The application creates an SFSManager and 1 or more heaps in Scene.cpp:
m_pSFSManager = SFSManager::Create(desc);
// create 1 or more heaps to contain our StreamingResources
for (UINT i = 0; i < m_args.m_numHeaps; i++)
{
m_sharedHeaps.push_back(m_pSFSManager->CreateHeap(m_args.m_sfsHeapSizeMB));
}
Each SceneObject has its own SFSResource. Note an SFSResource can be used by multiple objects, but this sample was designed to emphasize the ability to manage many resources and so objects are 1:1 with SFSResources.

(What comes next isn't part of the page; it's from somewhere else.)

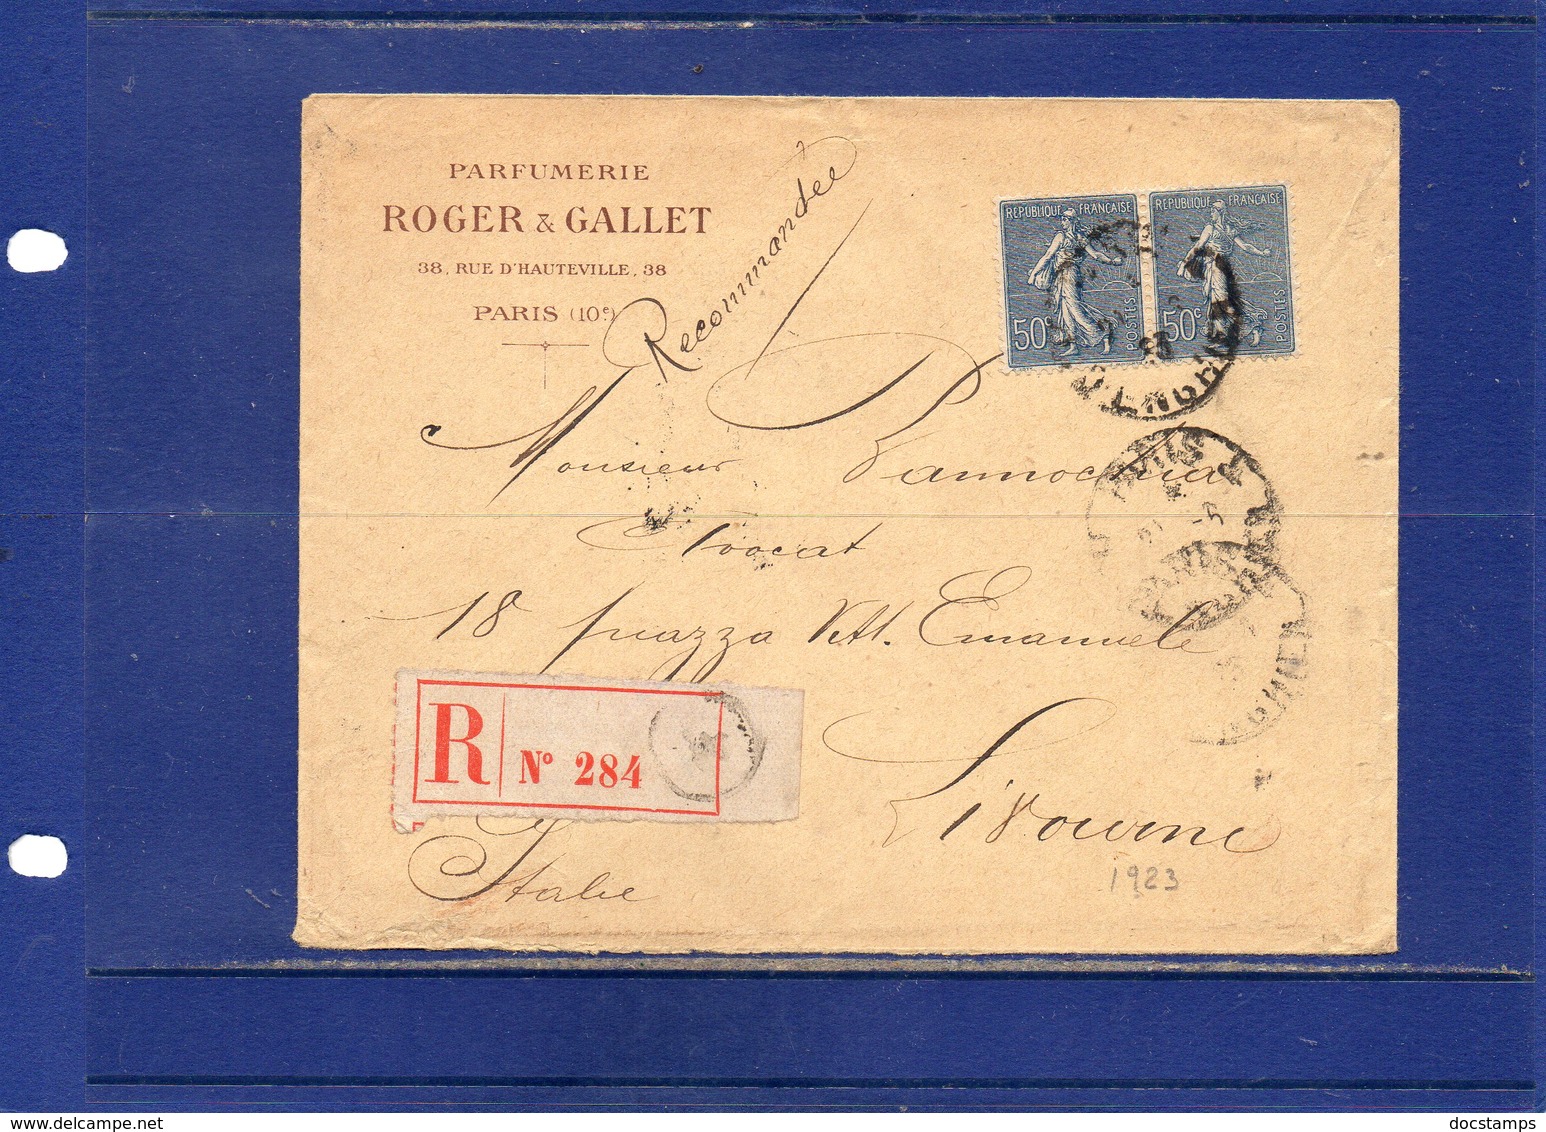 ##(ROYBOX1)Postal History-France1923-Perfume-Parfum-Roger&Gallet Parfumerie Registered Cover From Paris To Livorno-Italy - Non Classificati

m_pSFSManager->CreateResource(m_sfsResourceDescs[fileIndex], pHeap, textureFilename)This implementation of Sampler Feedback Streaming uses DX12 Sampler Feedback in combination with DX12 Reserved Resources, aka Tiled Resources. A multi-threaded CPU library processes feedback from the GPU, makes decisions about which tiles to load and evict, loads data from disk storage, and submits mapping and uploading requests via GPU copy queues.
Frame rate is not dependent on completion of copy commands; the GPU never waits, even while textures are modified mid-frame. The CPU writes asynchronously to buffers that clamp texture sampling so the GPU always reads valid data. GPU time is mostly a function of the Sampler Feedback Resolve() operations (described below) and GPU decompression when using DirectStorage. The CPU threads run continuously and asynchronously from the GPU (pausing when there's no work to do), polling fence completion states to determine when feedback is ready to process and when copies and memory mapping has completed.
All the magic can be found in the SFS library (see SamplerFeedbackStreaming.h), which abstracts the creation of streaming resources and heaps while internally managing feedback resources, file I/O, and GPU memory mapping.
The technique works as follows:
The streaming textures are allocated as DX12 Reserved Resources, which behave like VirtualAlloc in C. Each resource takes no physical GPU memory until 64KB regions of the resource are committed in 1 or more GPU heaps. The x/y dimensions of a reserved resource tile is a function of the texture format, such that it fills a 64KB GPU memory page. For example, BC7 textures have 256x256 tiles, while BC1 textures have 512x256 tiles.
In Expanse, each tiled resource corresponds to a single .XeT file on a hard drive (though multiple resources can point to the same file). The file contains dimensions and format, but also information about how to access the tiles within the file.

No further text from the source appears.